Supplied material:

"""

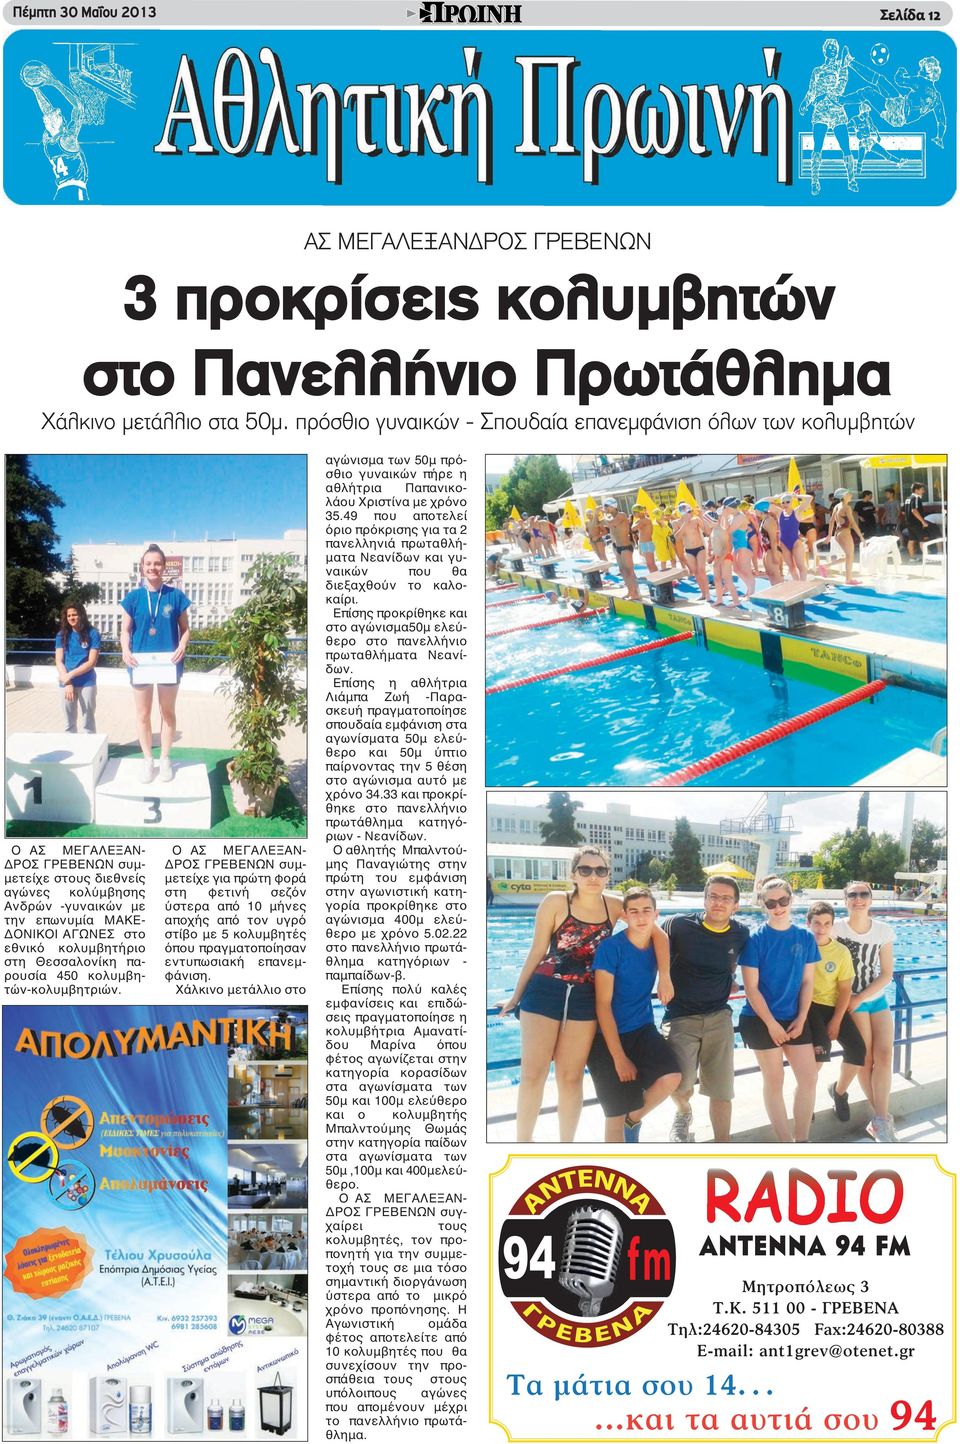 κολυμβητήριο στη Θεσσαλονίκη παρουσία 450 κολυμβητών-κολυμβητριών.
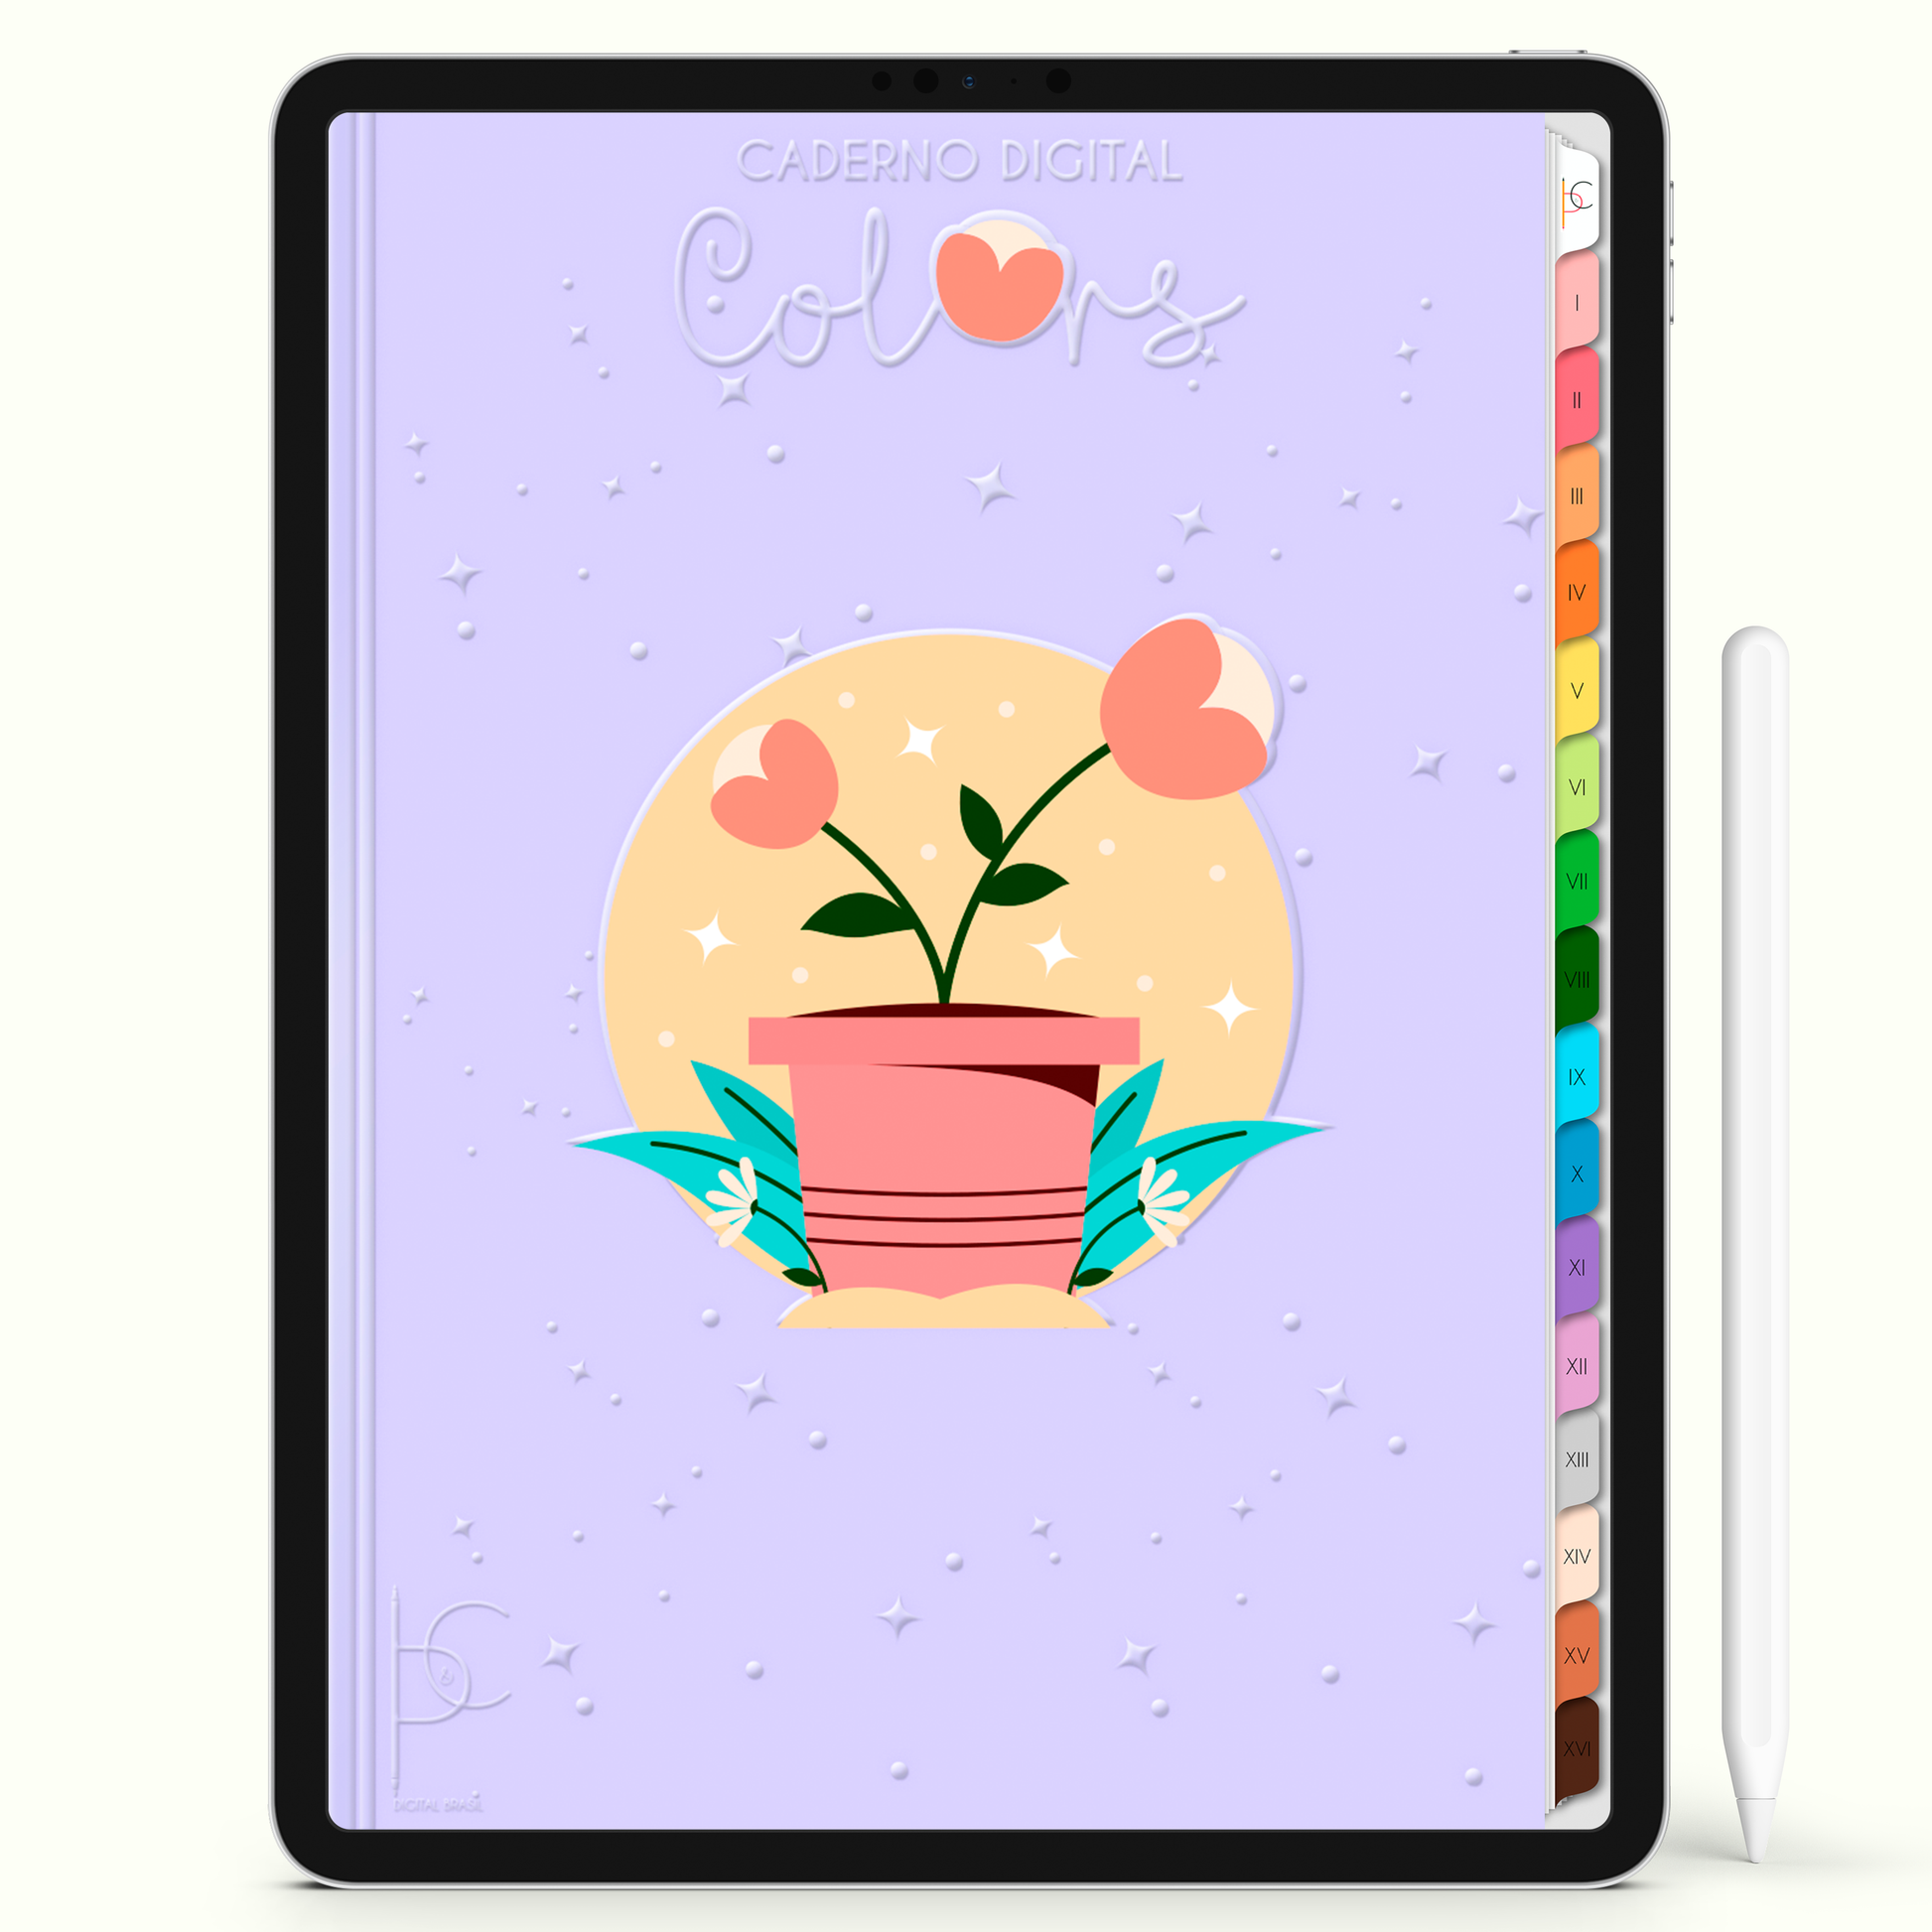 Caderno Digital Colors Guia de Estudos 16 Matérias • Para iPad e Tablet Android • Download instantâneo • Sustentável
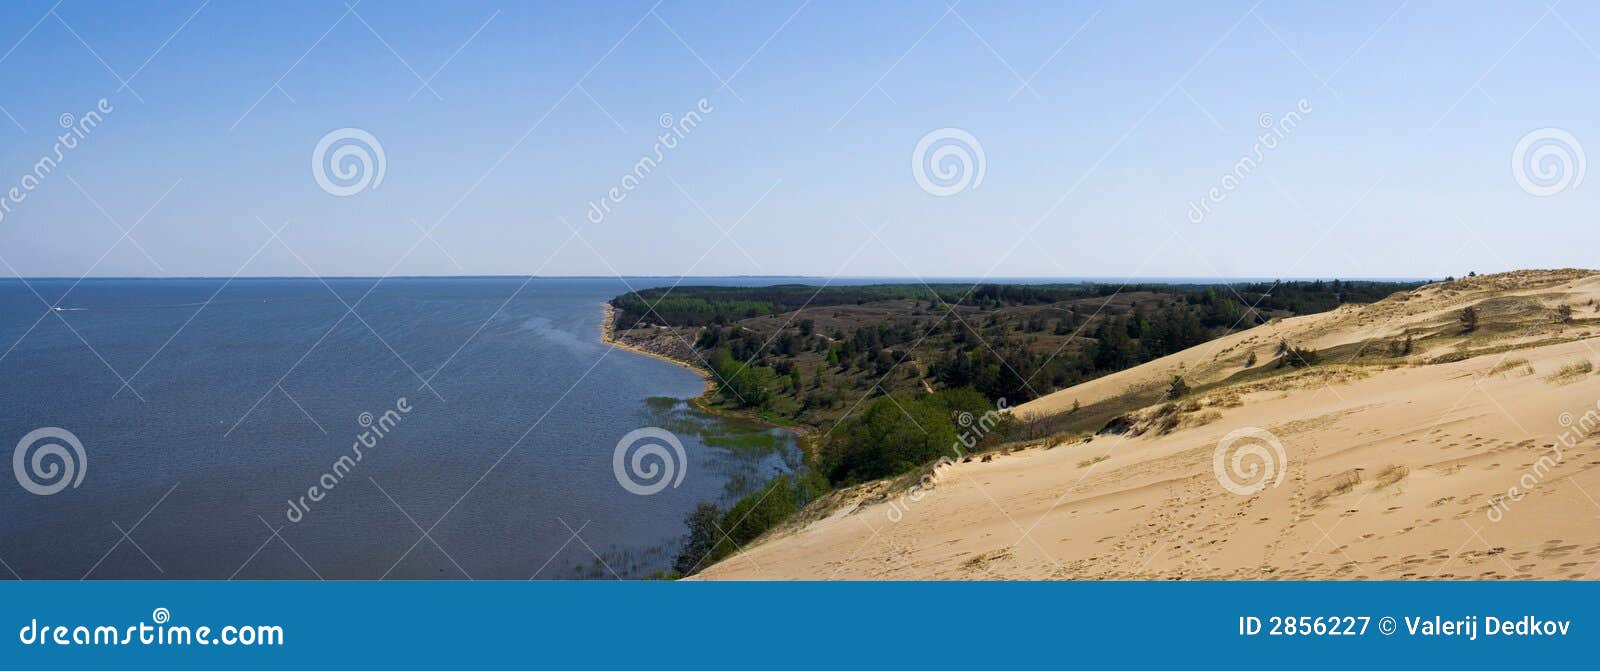 Panorama. Vista panorâmico das dunas com costa do mar Báltico. posição: nida, lithuania

"""

Work instruction: Every line above should be retyped exactly; the pictures do not belong in the copy.

Your response:
 κολυμβητήριο στη Θεσσαλονίκη παρουσία 450 κολυμβητών-κολυμβητριών.
 Caderno Digital Colors Guia de Estudos 16 Matérias • Para iPad e Tablet Android • Download instantâneo • Sustentável
 Panorama. Vista panorâmico das dunas com costa do mar Báltico. posição: nida, lithuania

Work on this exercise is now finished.